Wenige Tage nach dem Bekanntwerden der „Mordserie“ im Wiener Krankenhaus Lainz durch Schwestern wurde gestern der Stationsarzt Prof.Pensendorfer vom Dienst suspendiert. Vor laufenden Kameras beschuldigte der mit der Untersuchung der Mordserie beauftragte Leiter des Sicherheitsbüros, Max Edelbacher, den Stationschef, eine „Mauer des Schweigens“ um die mysteriösen Todesfälle seiner Station zu errichten. Am Dienstag abend stellte sich eine fünfte Schwester der Polizei, die der Mitwisserschaft verdächtigt wird.

Eine „ambitionierte Person“ sei sie gewesen und „beliebt bei den Patienten“. Prof.Franz Pesendorfer, Chef der ersten medizinischen Abteilung im städtischen Krankenhaus Wien -Lainz, schildert seine Untergebene Waltraud Wagner als eine normale Kollegin - aufgefallen sei sie nur durch ihr Engagement. Die 30jährige Stationsgehilfin ist die Hauptverdächtige in den Mordfällen im Lainzer Krankenhaus. Vier Schwestern sind seit dem Wochenende in Untersuchungshaft; sie haben gestanden, 49 Patienten getötet zu haben. Eine fünfte Schwester ist seit Dienstag verhaftet. Bei ihr ermitteln die Behörden auf Mitwisserschaft. Allein Waltraud Wagner hat nach eigener Aussage 22 Menschen auf sehr grausame Weise getötet: sie flößte den Patienten Wasser ein, bis diese erstickten.
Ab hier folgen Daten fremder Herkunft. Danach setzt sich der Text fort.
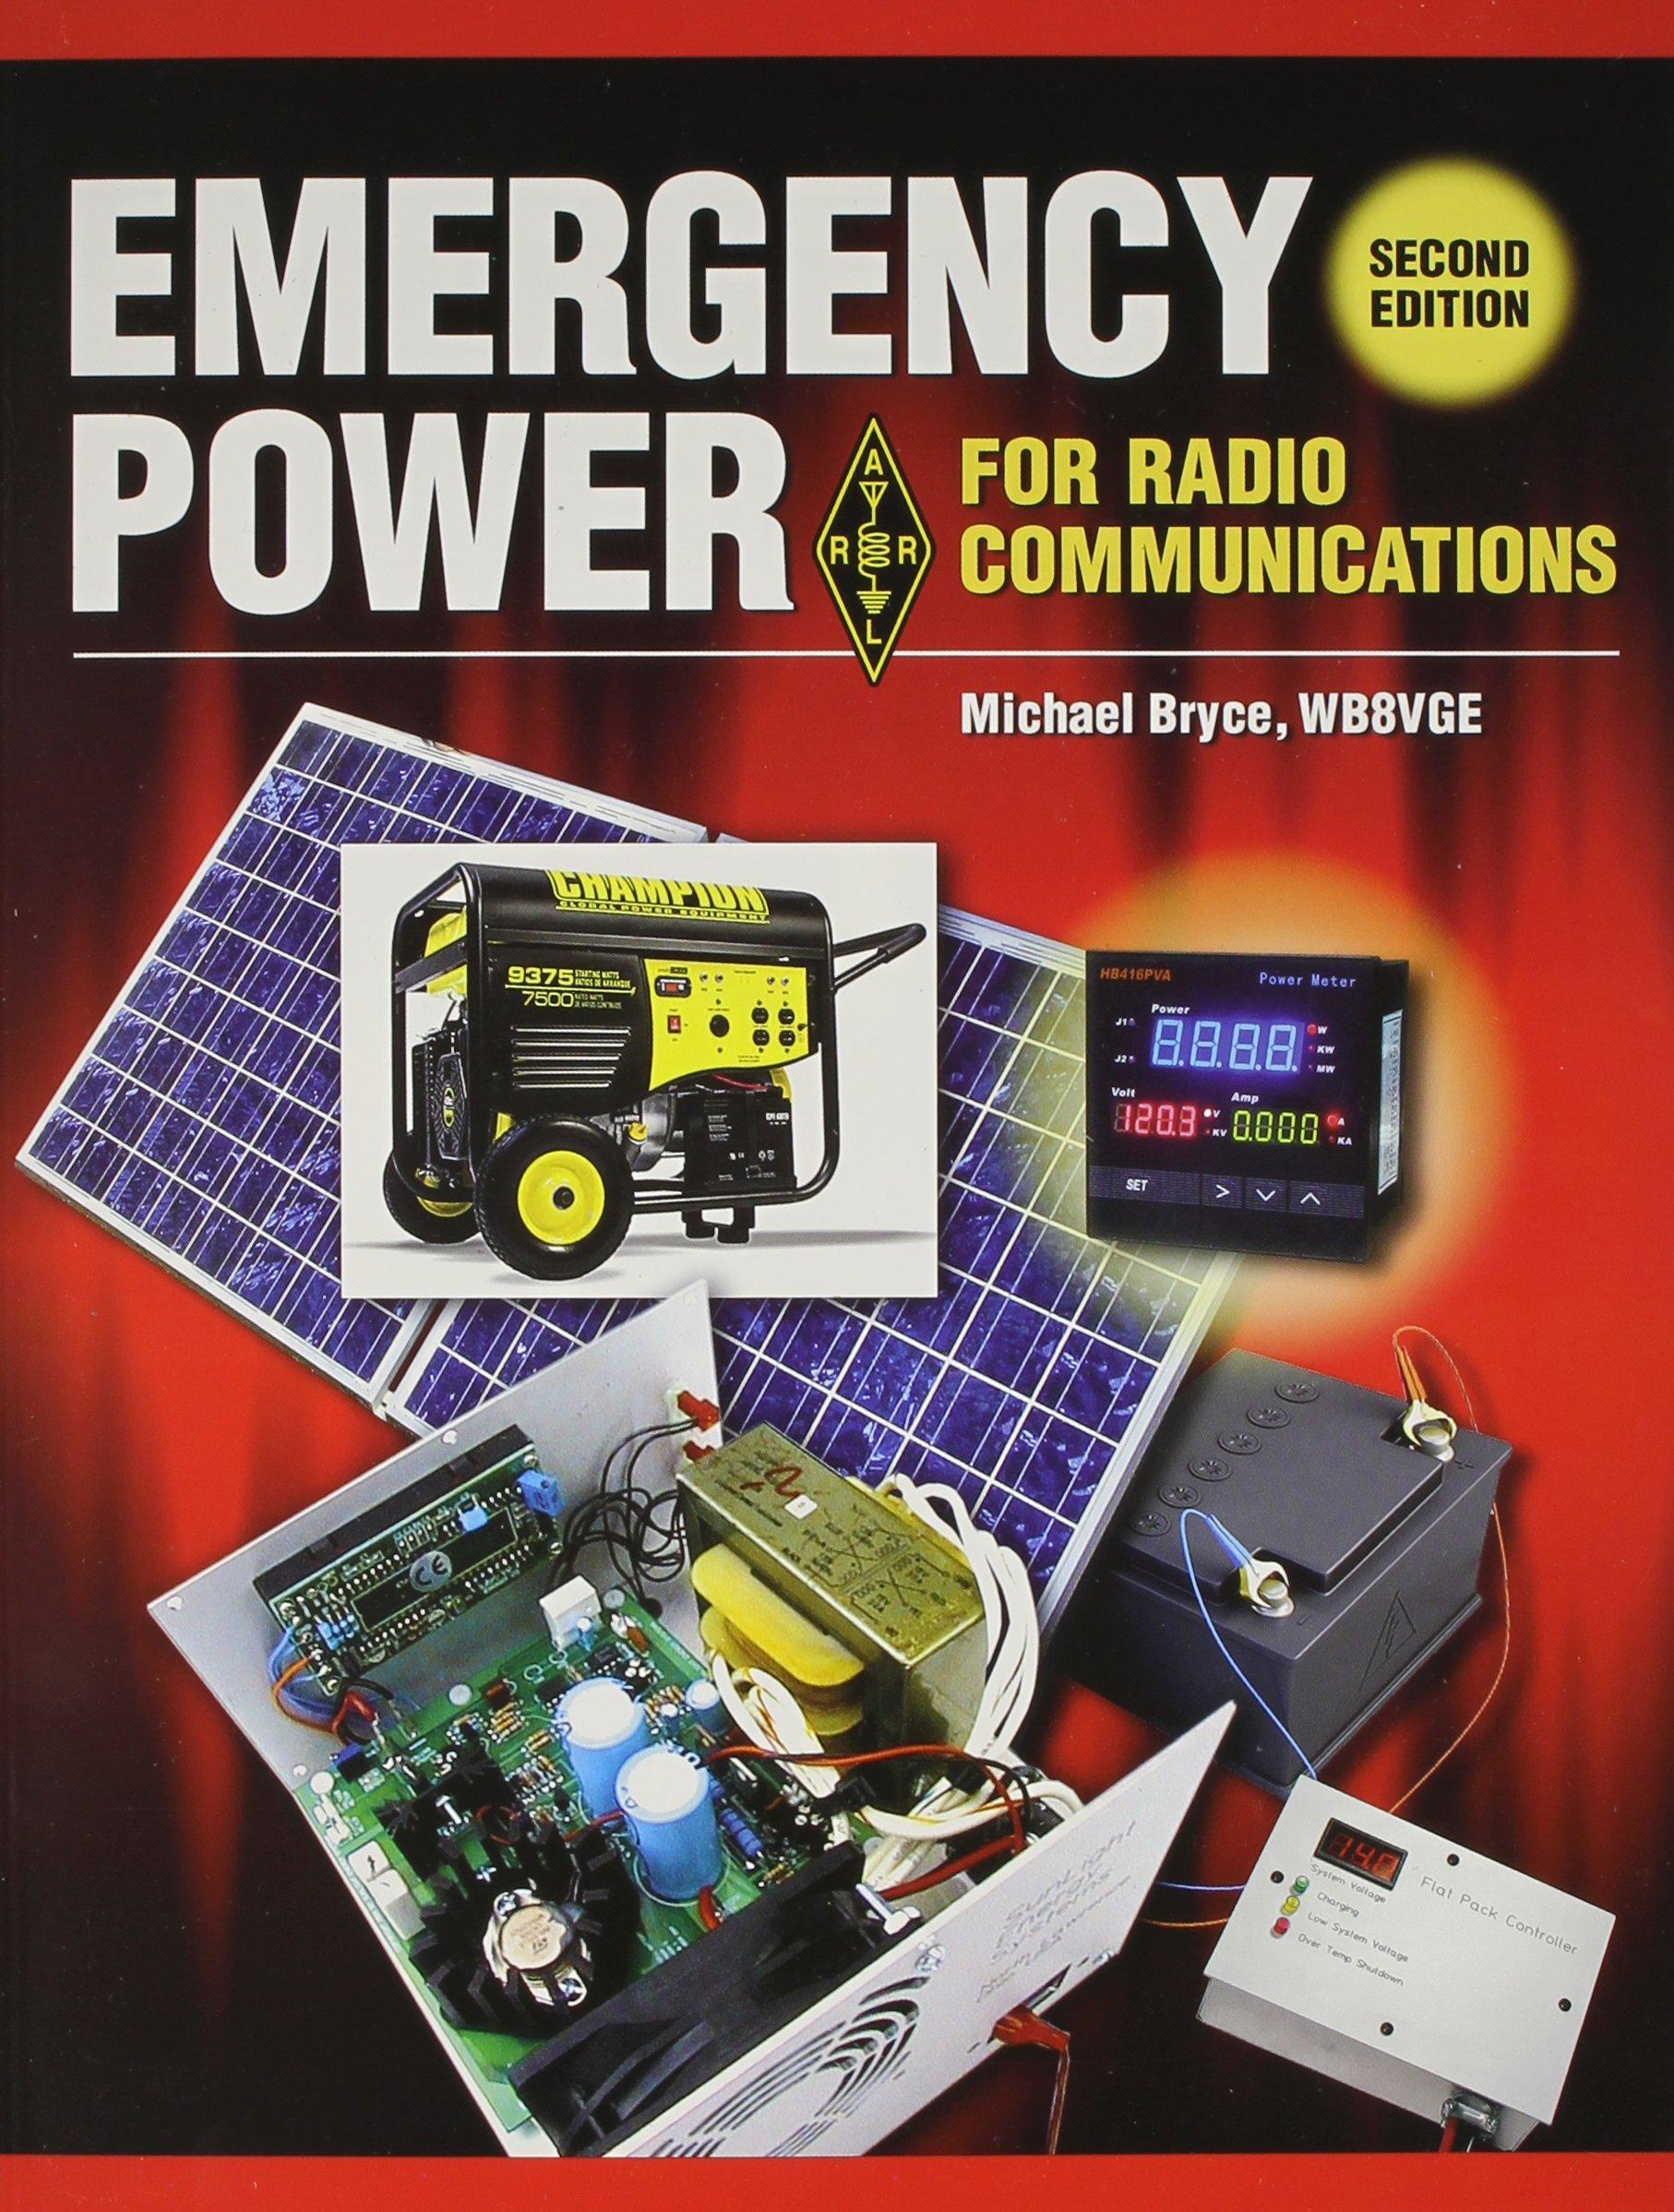 emergency power for radio communications 9780872596153 amazon comemergency power for radio communications paperback \u2013 april 26, 2012

Für Franz Pesendorfer sind das Hinweise auf eine „entmenschlichte Persönlichkeit“. Den Widerspruch zu seiner eigenen Schilderung der Wahrnehmung ihrer Person kann er sich nicht erklären. Der etwa 50jährige Professor wirkt erschöpft und kann seine Anspannung nur noch mühsam verbergen. All seine Antworten, und sie wirken schon wie auswendig gelernt, zielen darauf ab, die Taten der Frauen von der konkreten Sitation in seiner Abteilung zu trennen. Und das, obwohl die Schwesterhelferinnen zum Teil über zehn Jahre dort gearbeitet haben. Mehrfach wiederholt er formelhaft die Sätze, die ihn und seine Abteilung retten sollen. Bei den Vieren habe es sich um „wahnsinnigen Einzelgängerinnen“ gehandelt. Denn nur solange „Wahnsinnige“ am Werk waren, können unliebsame Fragen zurückgewiesen werden. Fragen nach den Zuständen auf einer Station, nach dem Kollegenkreis, der von den Tötungen nichts bemerkt haben will. Fragen nach der Verletzung der ärztlichen Aufsichtspflicht und nicht zuletzt die Frage, was es mit einem Gesundheitssystem auf sich hat, das für all das den Rahmen abgibt. Nicht befragt werden durften die Schwestern der Station, als Zeuginnen sind sie zum Schweigen verpflichtet.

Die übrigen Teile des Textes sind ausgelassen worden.